DNSSEC support is experimental and not handled correctly, and they readily admit that. It’s fine to know your limitations, but DNSSEC is something that is incredibly valuable to have on endpoints. I don’t really think resolved can be taken seriously without it. It’s beyond me how no one has contributed this feature to such a widely-used package.

There are odd issues with local domain search. This is made more complicated on home networks where a lot of what it does is overkill. On enterprise networks, it’s likely a bad fit anyway, which makes me question why it supports everything it does.

Lastly, and relatedly, in my opinion resolved tries to shoehorn too many odd features and protocols without having the basics done first. mDNS is better taken care of by a dedicated package like Avahi. LLMNR support has been deprecated by its creator Microsoft in favour of mDNS for over a year.
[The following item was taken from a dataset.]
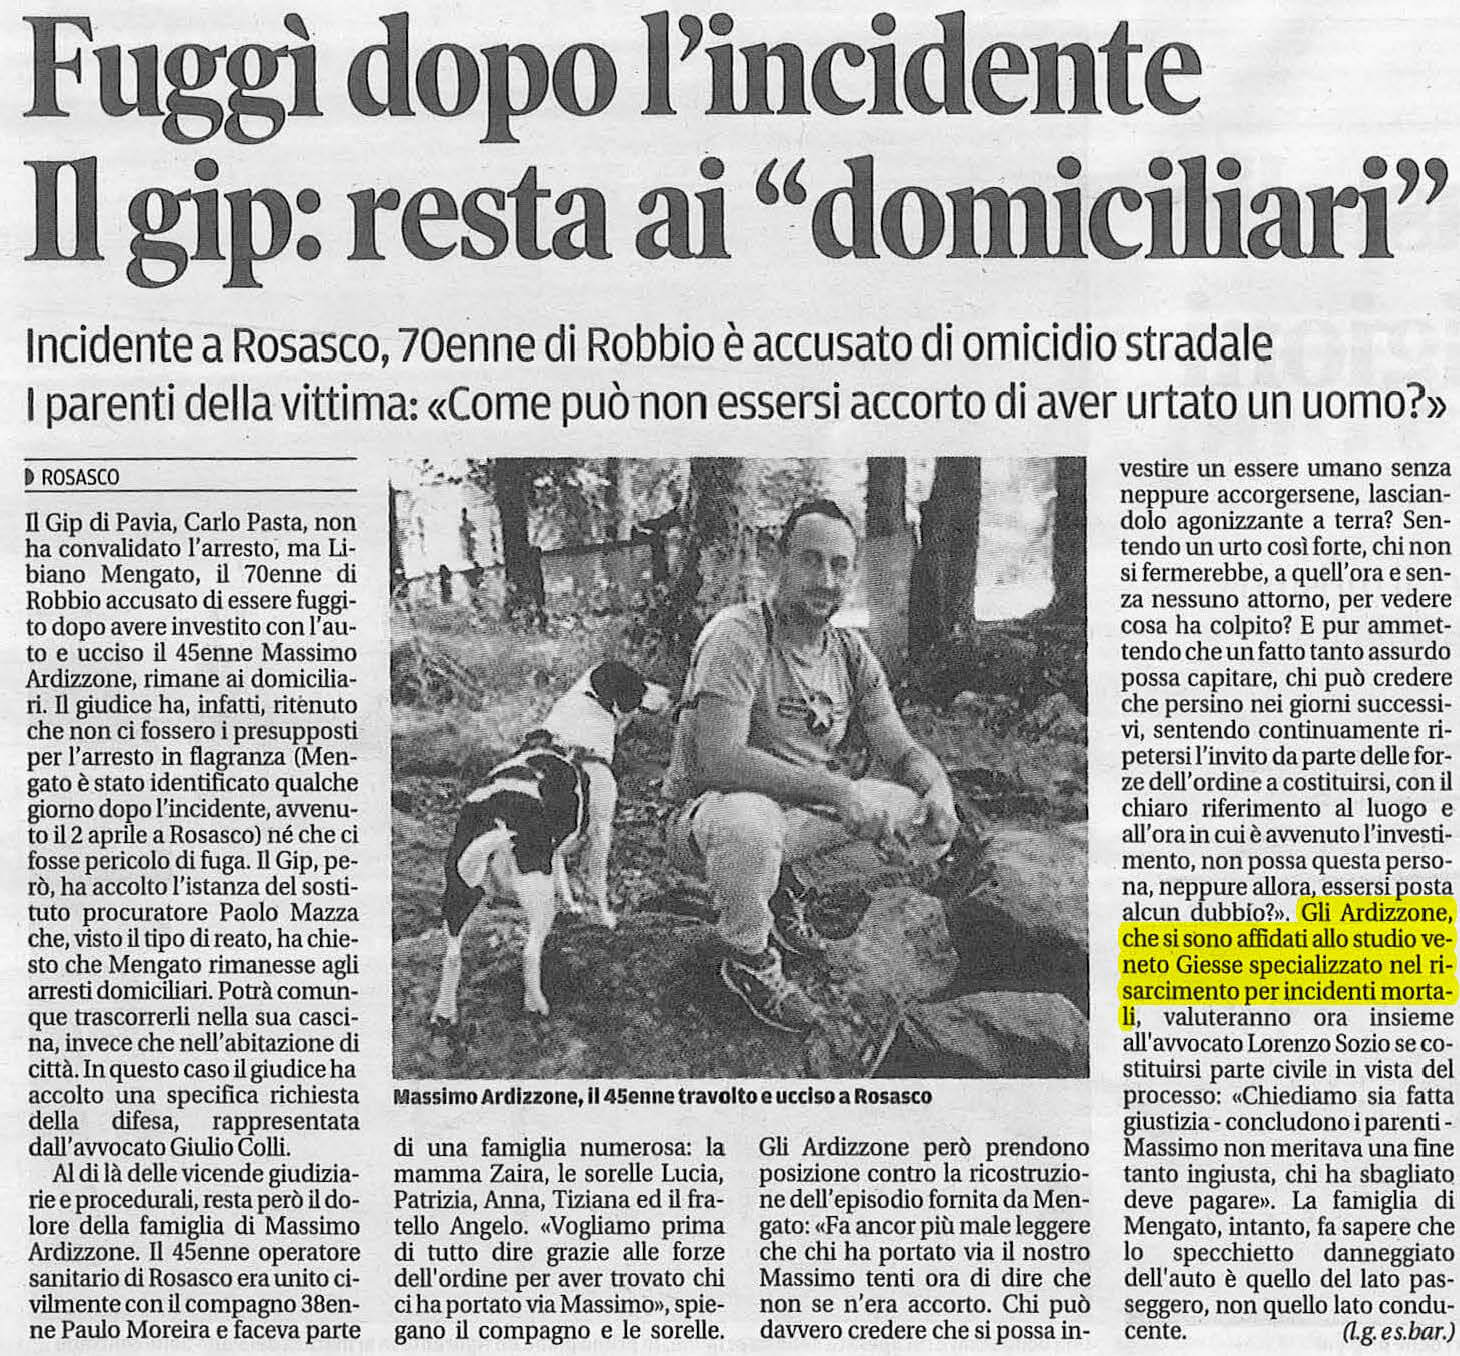 Quotidiano Incidente stradale Rosasco Pavia Giesse Risarcimento Danni

As LLMNR has always been a security risk, I’m not sure why the support was added in the first place.

nspawn: Niche tool for niche uses

Any discussion including resolved would be remiss without mentioning the main reason it exists, and that is nspawn. It’s an interesting take on being “in between” chroot and a full container like Docker. It has niche uses, and I don’t have any real qualms with it, but I’ve never found it useful in any of my work so I don’t have a lot of experience with it. Usually when I am grabbing for chroot I want shared state between host and container, so nspawn wouldn’t make sense there. And when I grab for Podman, I want full isolation, which I feel more comfortable handing to a package that has more tooling around it.

Ancillary tools: Why in the system layer?
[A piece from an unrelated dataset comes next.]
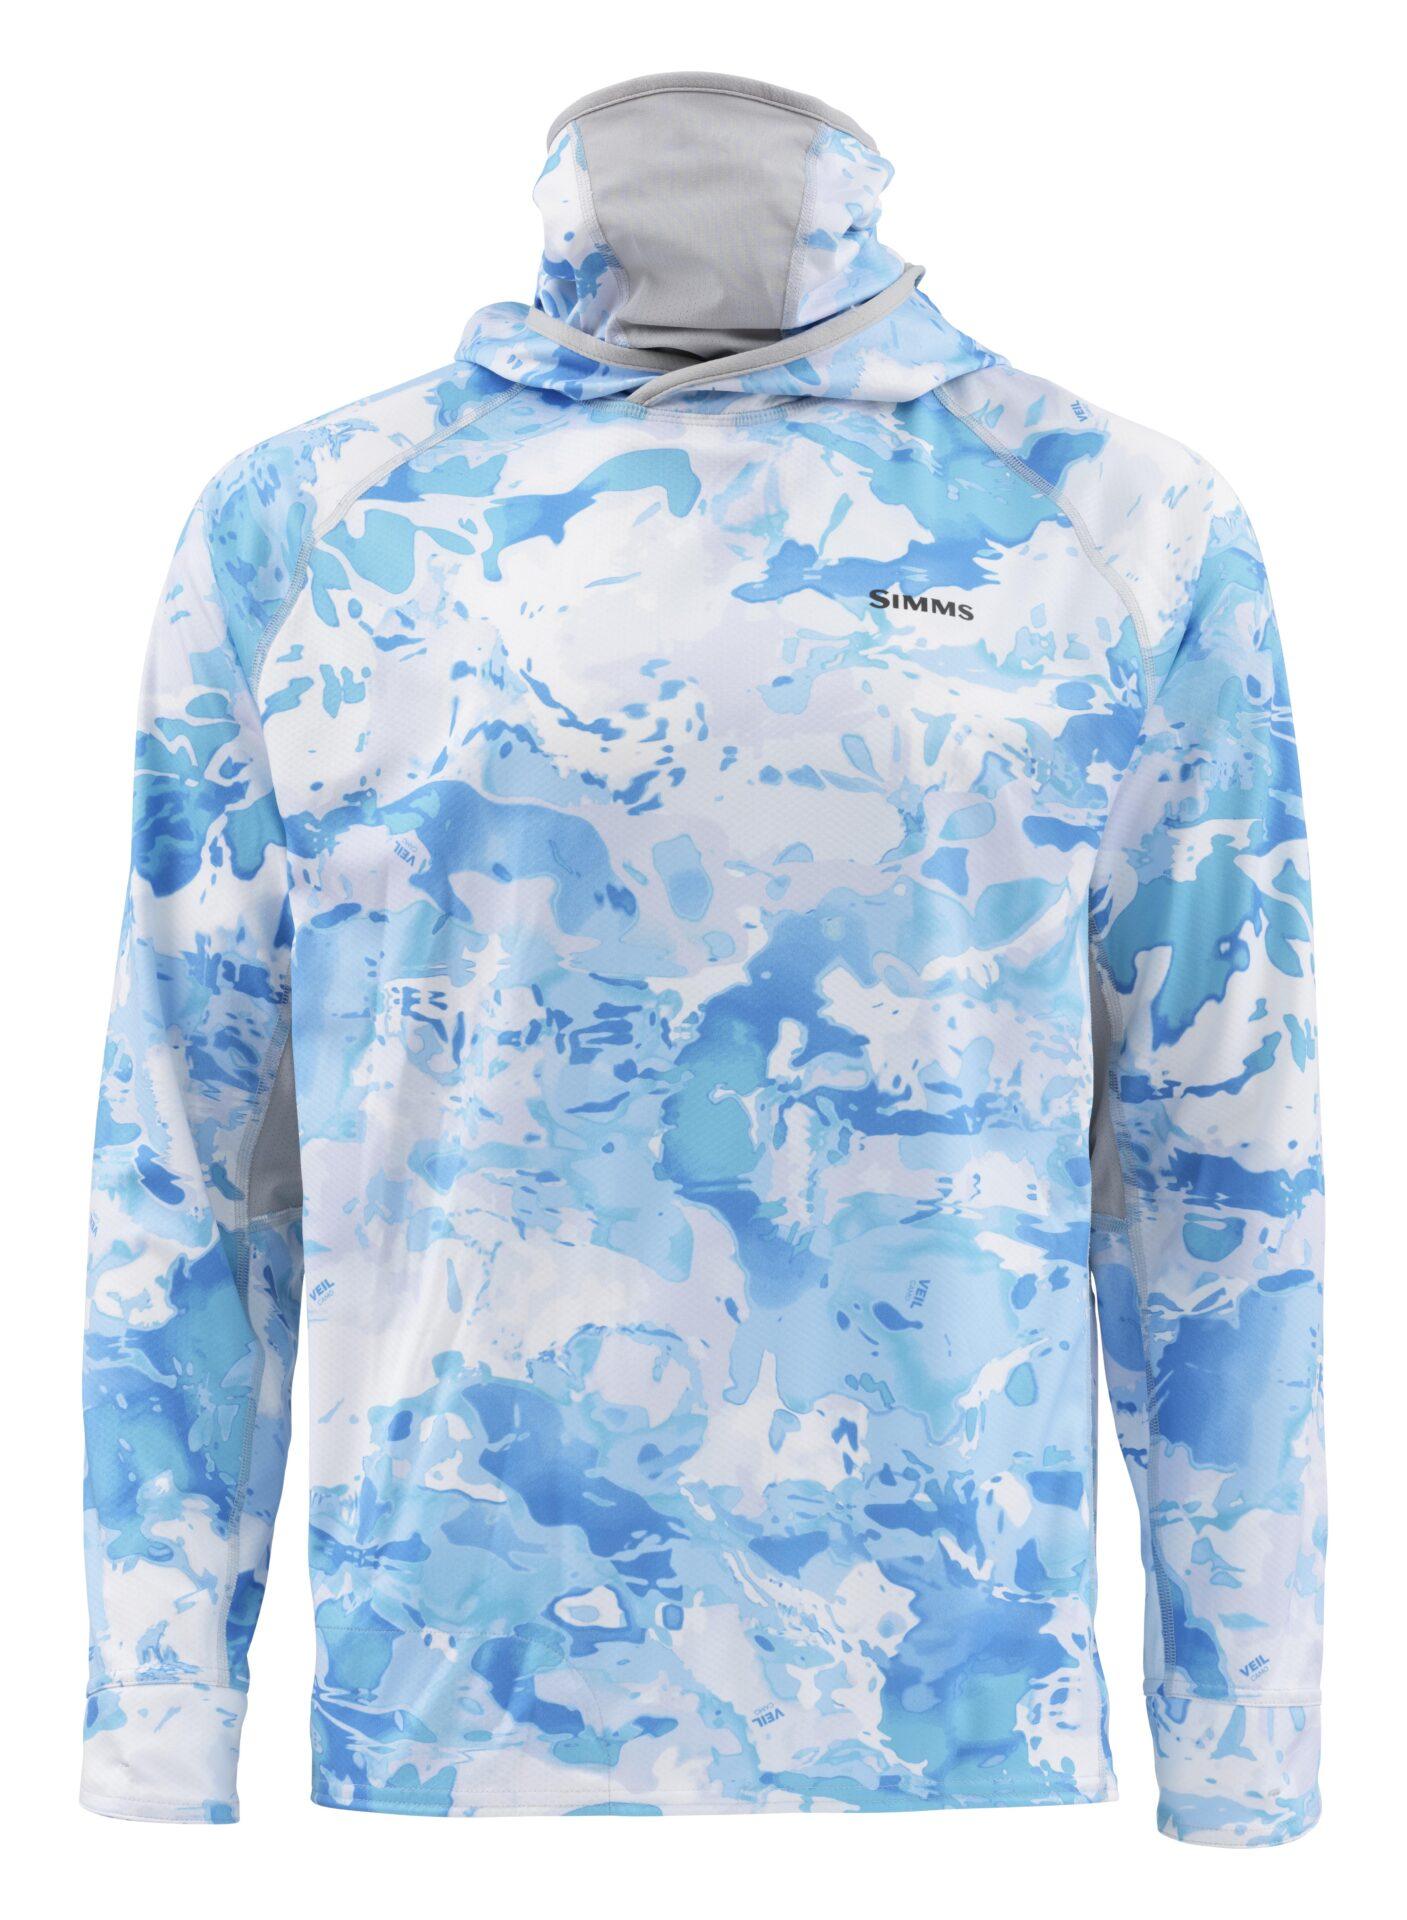 Simms SolarFlex UltraCool Armor Shirt

networkd is immature, doesn’t have a lot of support for advanced use cases, and has no GUI for end users. I don’t know why they want to stuff networking into the “system layer” when NetworkManager exists and keeps all the networking goop out of the system layer.
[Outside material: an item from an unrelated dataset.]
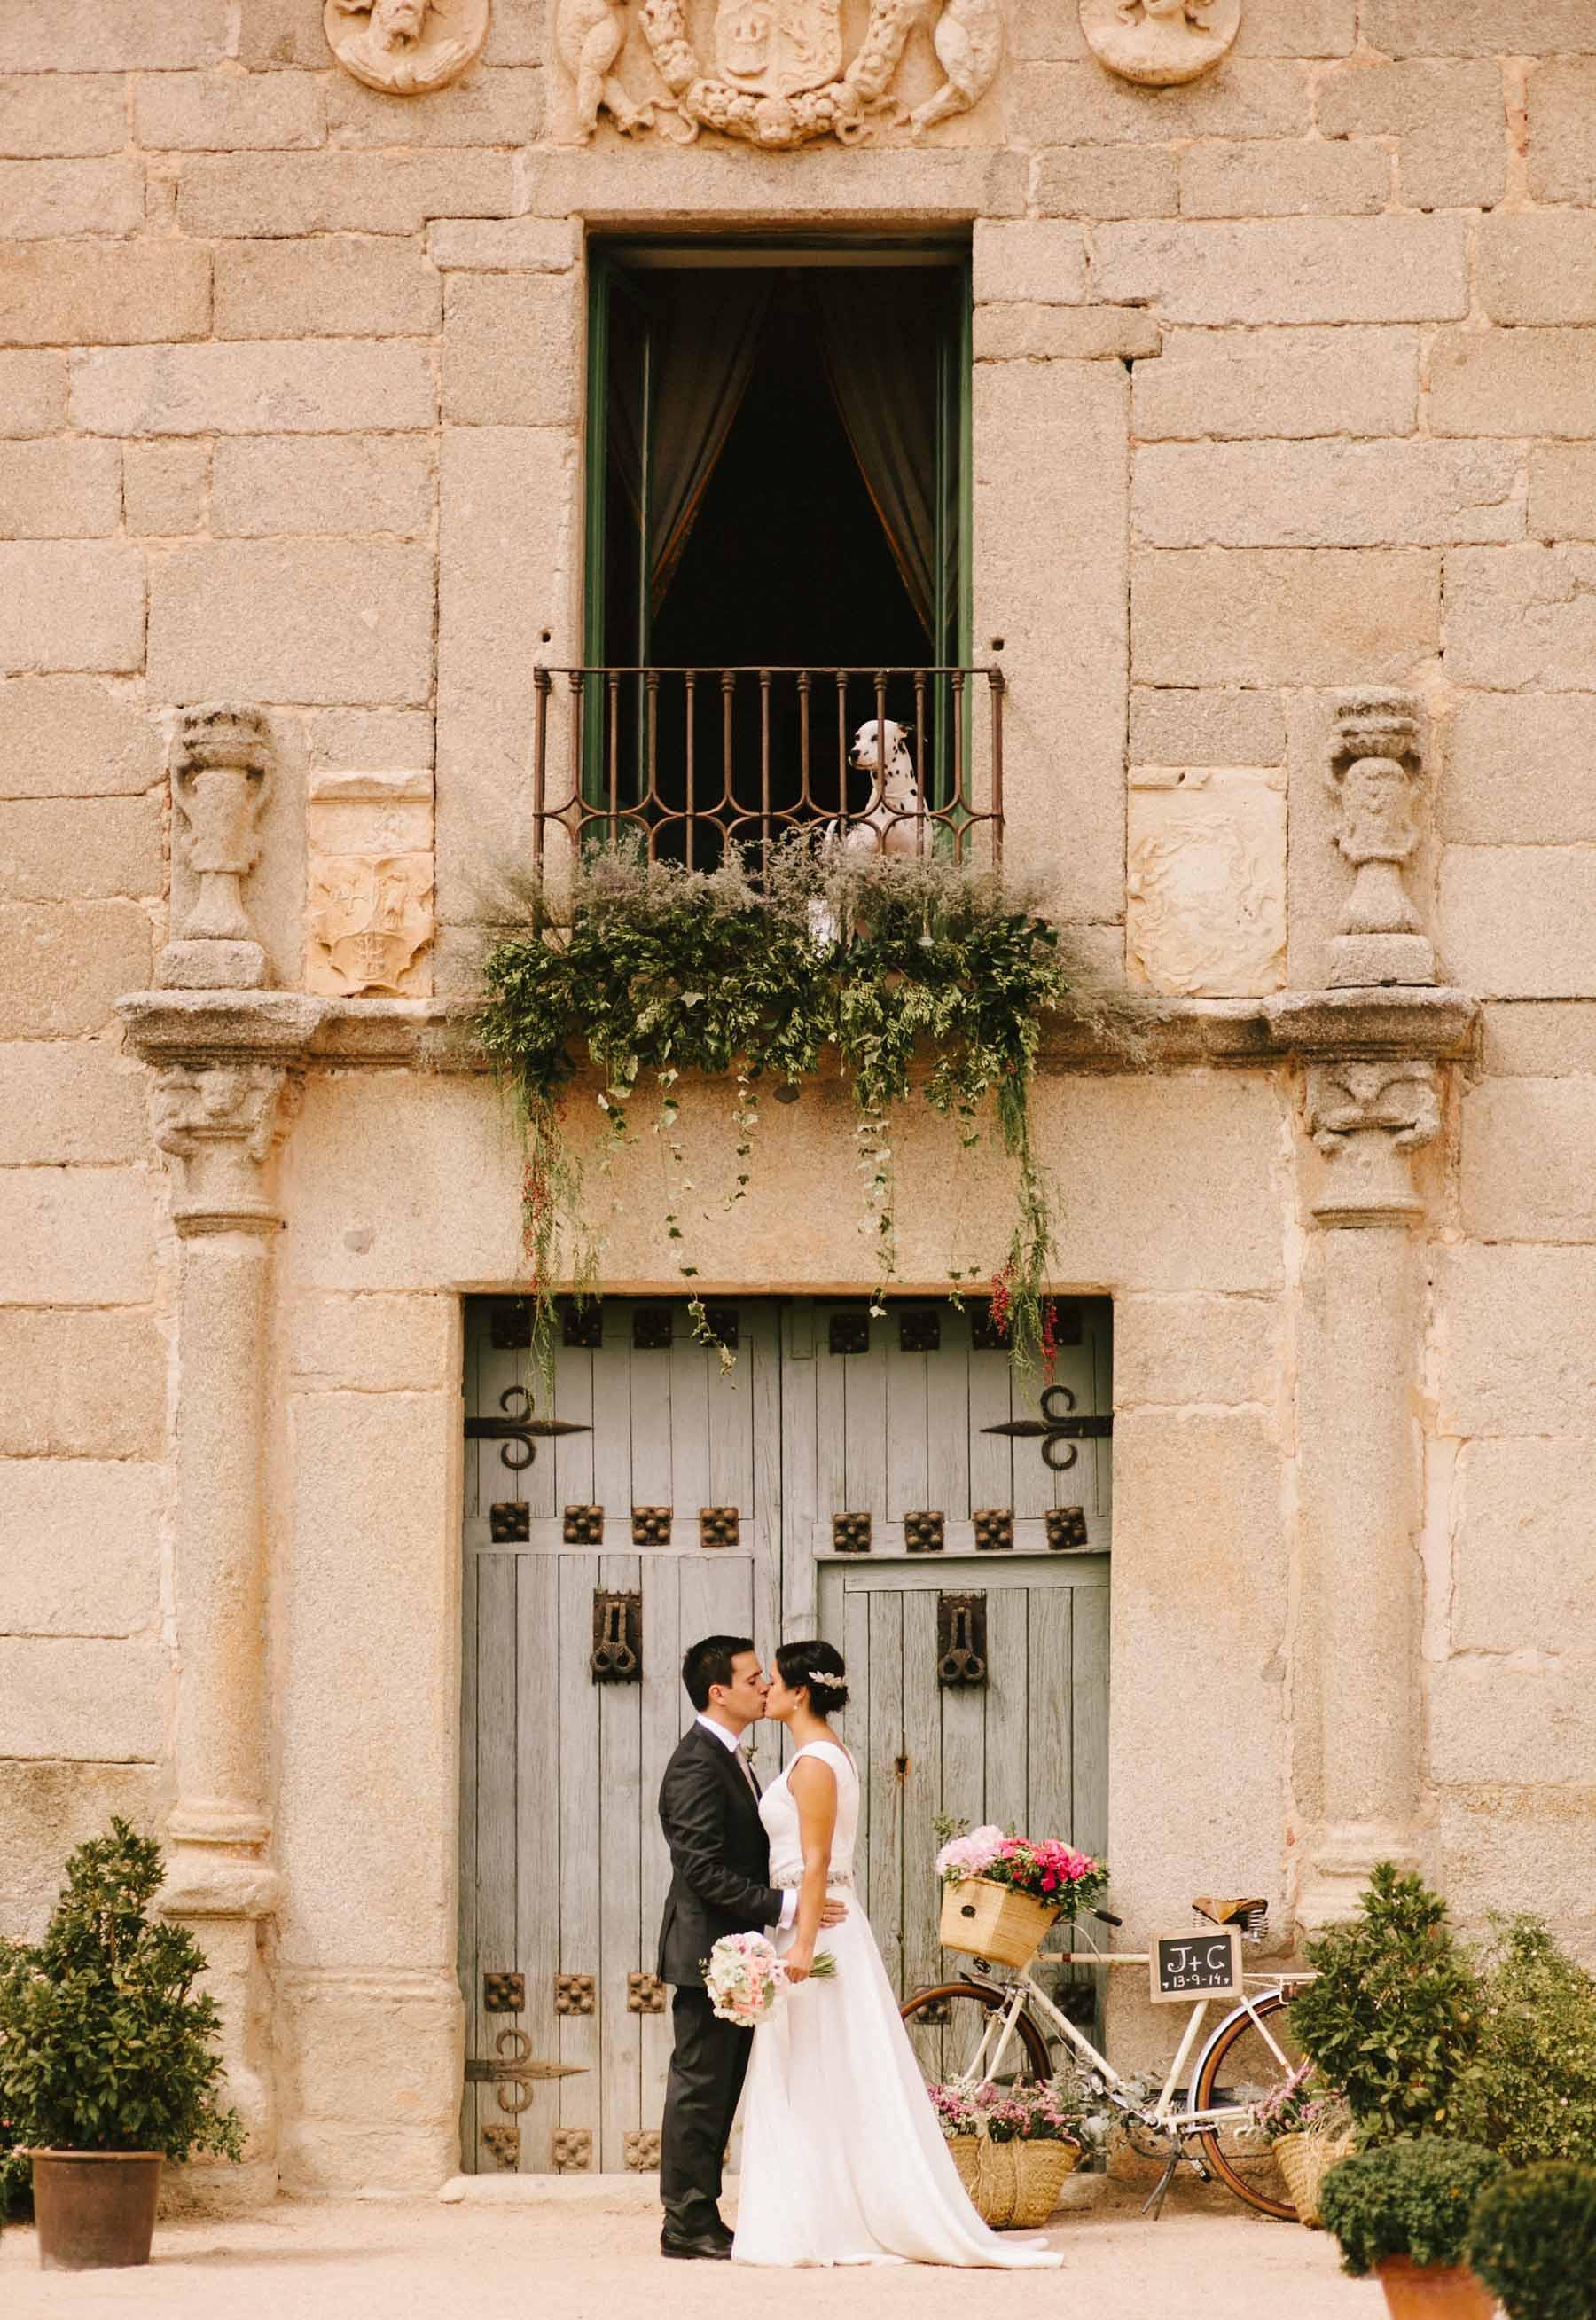 fotografo de bodas Jairo Crena-68

timedated seems like a cute way to allow users to change timezones via a PolicyKit action but otherwise seems like something that would be better taken care of by a “real” NTP client like Chrony or NTP. And again, I don’t know why it should live in the system layer.

systemd-boot only supports EFI, which makes it non-portable and inflexible. You won’t find EFI on Power or Z, and I have plenty of ARM boards that don’t support mainline U-Boot as well. This really isn’t a problem with systemd-boot, as it’s totally understandable to only want to deal with a single platform’s idiosyncrasies. What is concerning is the fact that distros like Fedora are pivoting away from GRUB in favour of it, which means they are losing even more portability.

In conclusion: A summary

What I really want to make clear with this article is:

  • I don’t blindly hate systemd, and in fact I really admire many of its qualities as an actual service manager. What I dislike is its attempt to take over what they term the “system layer”, when there are no alternatives available.
  • The problems I have with systemd are tangible and not just hand-wavy “Unix good, sysd bad”.
  • If there was an effort to have systemd separate from all of the other tentacles it has grown, I would genuinely push to have it be available as a service manager in Adélie. I feel that as a service manager – and only as a service manager – it would provide a fantastic user experience that cannot be rivaled by other existing solutions.

Thank you for reading. Have a great day, and please remember that behind every keyboard is a real person with real feelings.